Wednesday, 29 August 2012

NATO Appoints Special Rep. for Women, Peace and Security

NATO has announced the appointment of Norwean diplomat Mari Sk√•re Special Representative of Secretary General Rasmussen for Women, Peace and Security. This demonstrates a new level of commitment for the Alliance to implementation of UN Security Council Resolution 1325 on that topic.

Including a gender perspective in NATO missions has been done at the operational level in Kosovo and Afghanistan, and is increasingly important with the kinds of missions that NATO is now undertaking. This new appointment raises the political profile of UNSCR 1325 issues at NATO HQ, which is something to the good.


NATO's Failure to Plan for Aftermath of War Evident, Dangerous in Libya

The unintended consequences of NATO's intervention in Libya last year continue unabated, as shown in a recent Guardian piece on the hundreds of armed militia groups that now pervade the country.

These militia groups are well armed, have refused to come under the control of the National Transitional Council (itself largely run by ex-Gaddhafi supporters who were smart enough to turn coat early). They now run secret prisons where detainees are tortured, the kill with impunity and are making the country ungovernable.

These consequences of the break up of the Gaddhafi regime were entirely foreseeable, and yet NATO failed to plan for them. Any rational plan for a successful end to the war last year needed to include organisation of the security sector under the control of the interim government to prevent just the current circumstances arising.
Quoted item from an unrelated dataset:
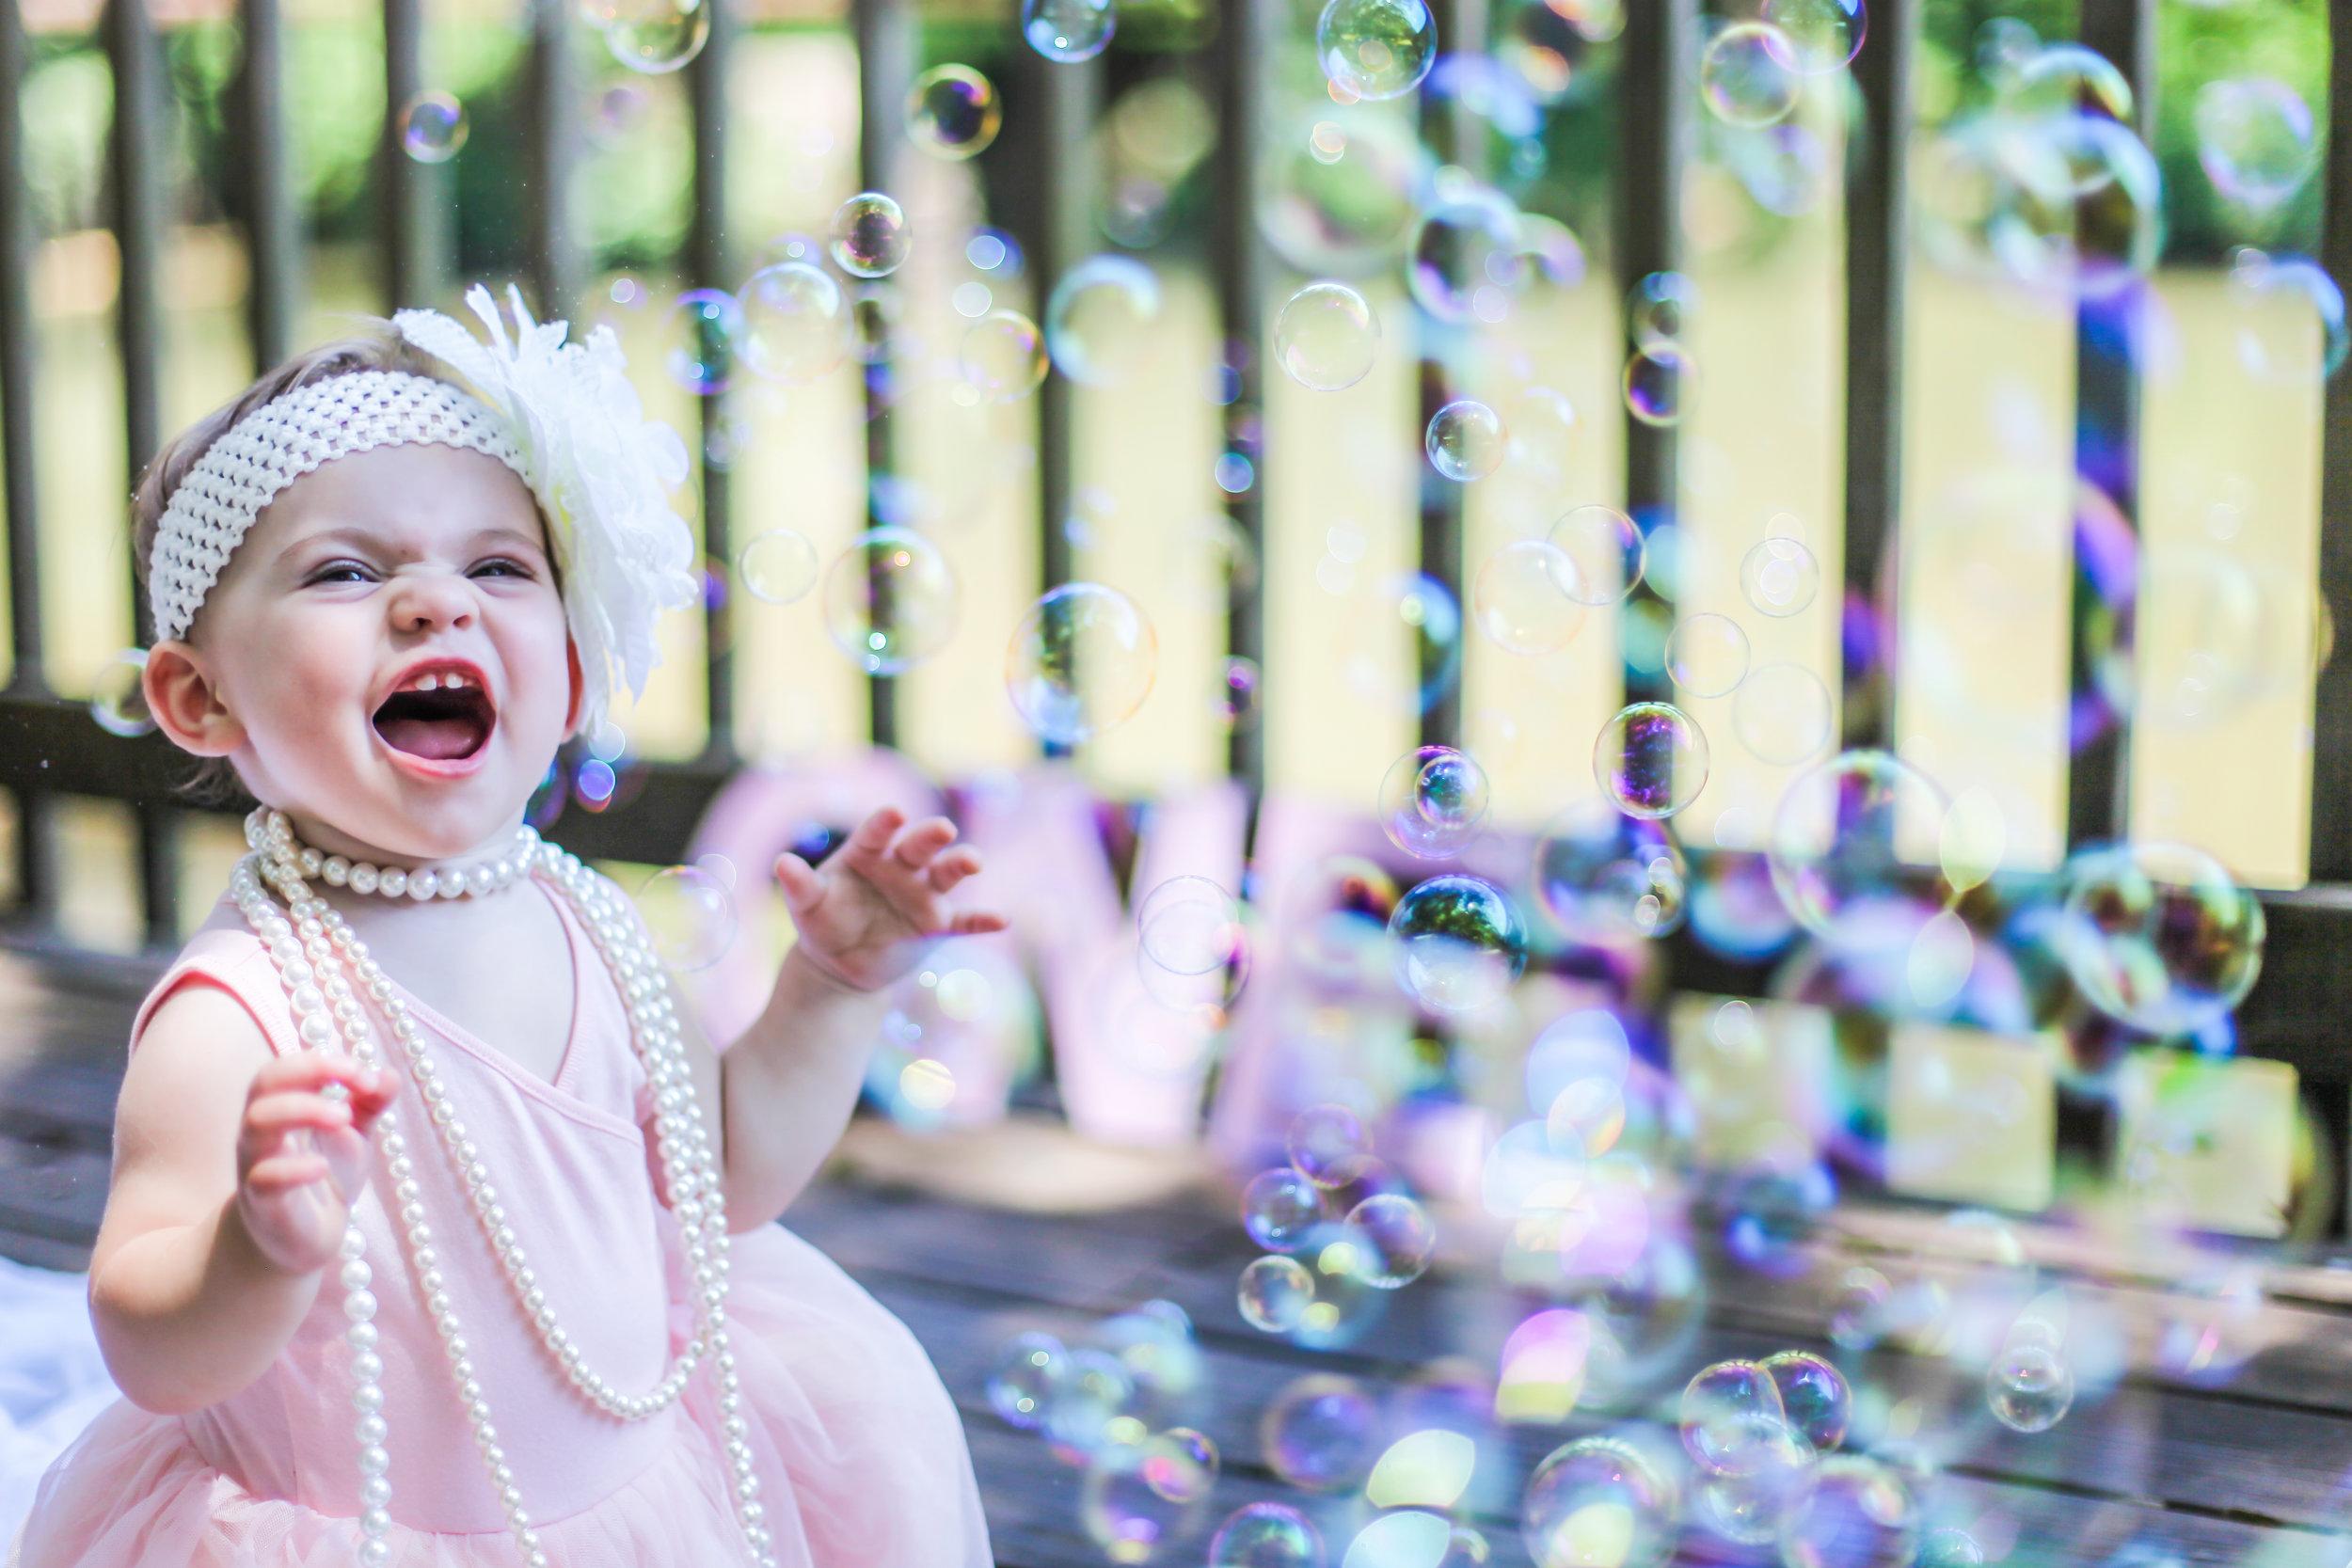 woodstock baby photography angela elliott-67.jpg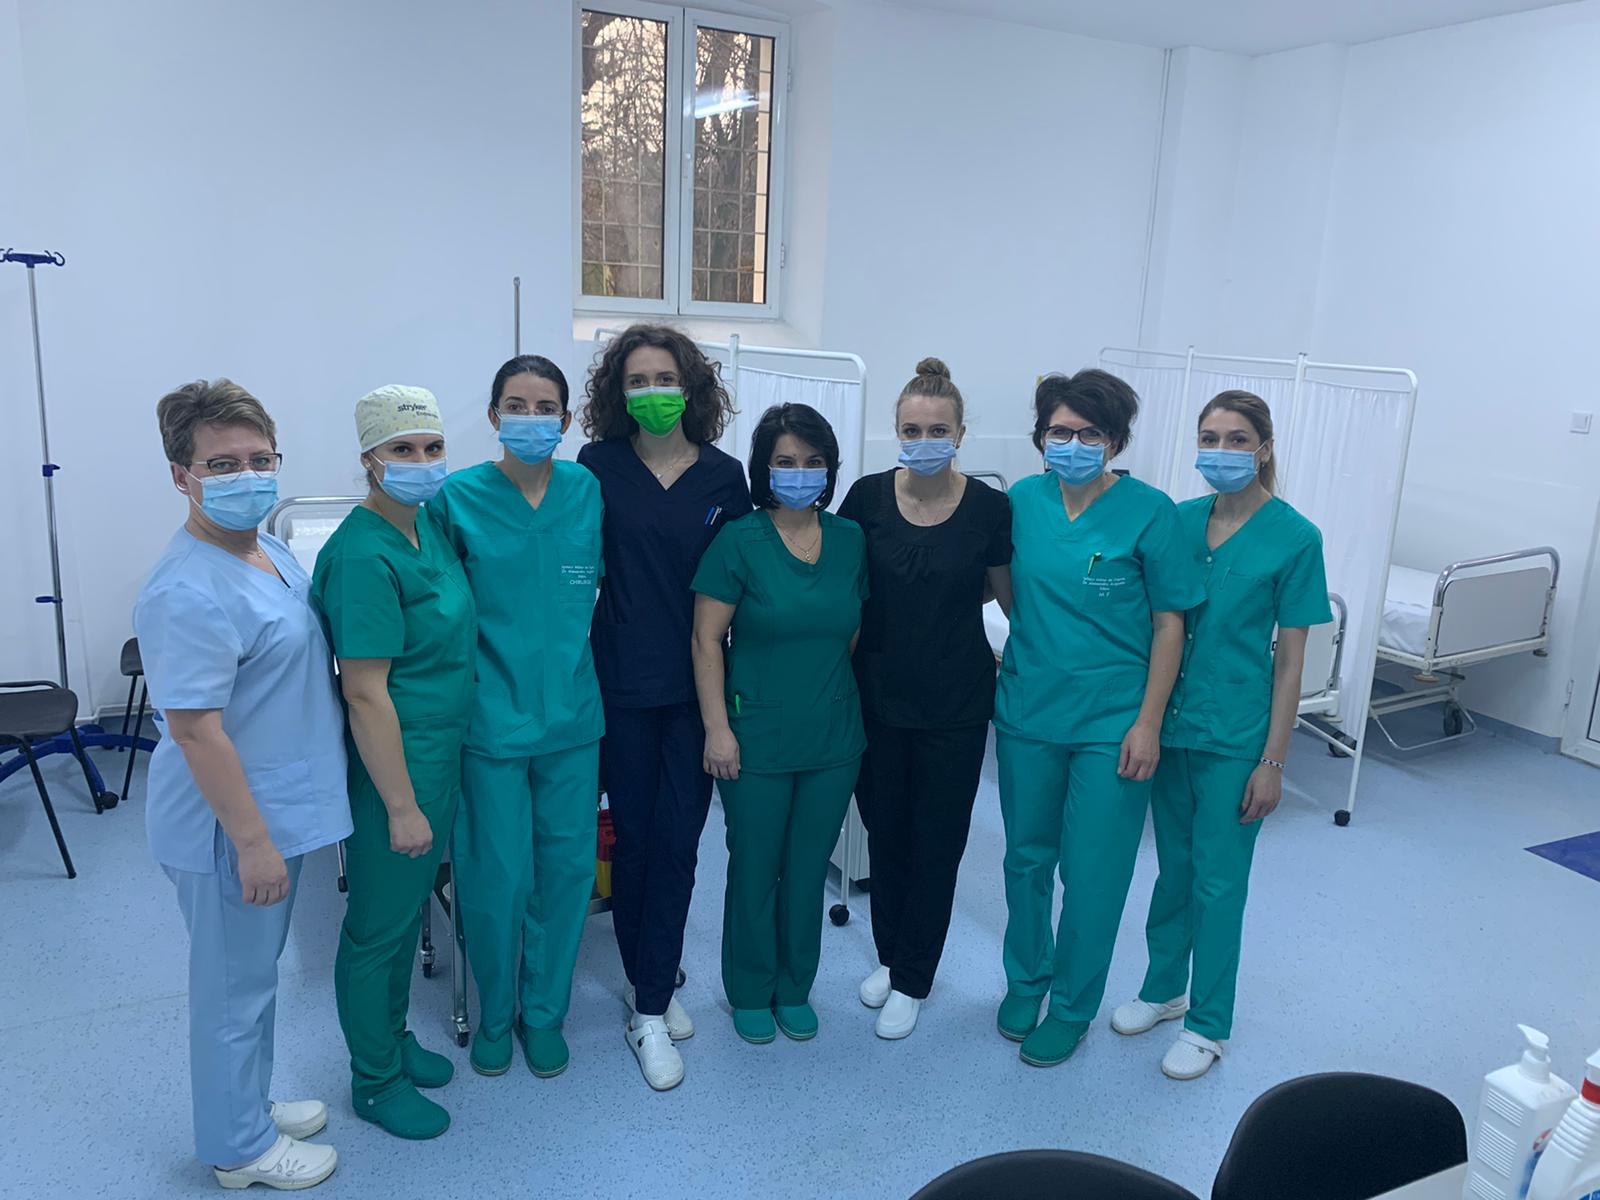 FOTO- Spitalul Militar Sibiu a început campania de vaccinare anti-COVID

NATO has taken pride in its military efficiency in helping to oust Gaddhafi, and has refused responsibility for events that have happened since. But the state of semi-conflict and instability to the south of the Mediterranean is a security risk for Alliance nations - to ignore it and do nothing about it is untenable - especially since Mali, another country negatively impacted by NATO's Libya mission has descended into chaos and is now a rallying point for Al Qaeda followers across the Maghreb.

The conclusion - NATO needs to plan for all aspects of interventions it undertakes, not just the bits it wants to do. This particularly applied to Libya where the mission was notionally protection of civilians under a UN mandate (although NATO quickly used that to effect regime change). Civilians continue to suffer and die in Libya, and NATO nations bear some of the responsibility for creating the circumstances that allow that.

In Libya, it has a mess it should be working hard to sort out. If it doesn't then, in the long run, it could get bitten.